LuEtta Mood Arrison was nearly to the trolley station when she thought she should have asked the kid to let her take a look inside Truitt’s. Empty, she might have been able to bear it. Maybe Jeptha was right, and on the other side of some door at the alley, Bertha Truitt was straightening her clothing. Flying through time will knock the hat right off your head! It will twist your skirts! It will unbutton everything! Get yourself straight: then open the door and look for the people who love you.

Except of course everyone was gone. Leviticus dead, Jeptha dead, all of the cats of her personal acquaintance, her daughter gone. Why would Bertha time travel here? They had already missed her. Go back further. Use all your celestial stereoptical gizmos to find the right spot. Your darlings are alive, plenty of future ahead of them. It isn’t too late to change things.

Don’t go back for her, LuEtta. Remember what happened the last time you looked.





Betty Among the Pins


Minna had a trio. Margaret remembered her saying so but didn’t know what that meant until one Saturday matinee at the Gearheart Theater, when she watched a wartime comedy featuring some dumb comedy team, a fat man and a thin man in suits.
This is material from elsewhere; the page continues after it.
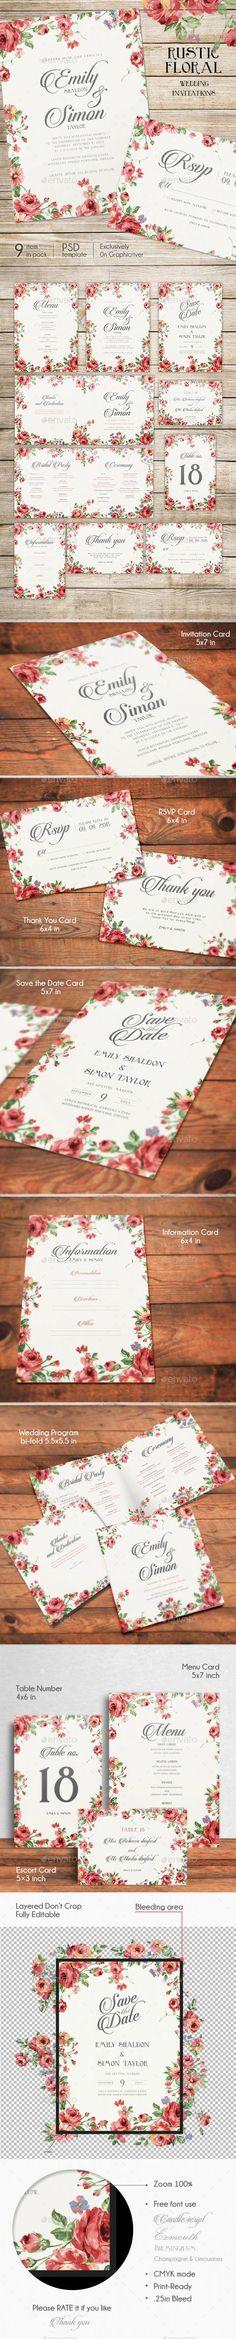 Rustic Floral Wedding Invitations  #template #cards #print #invites

In a musical number set at a USO show, there was Minna in a cocktail dress, playing the drums behind a bass player and saxophone player, and singing: Swing me, Daddy, to a reveille beat. A trio. Three of them. A family. She watched Minna greedily, and though she knew it was impossible she believed in some way that Minna was able to see her in the Gearheart, would be able to sense her love. In the credits: Minna Sprague and her Canadian Cats. It was shocking to see a woman drum the way Minna did, with rapture and abandon. That was the province of men.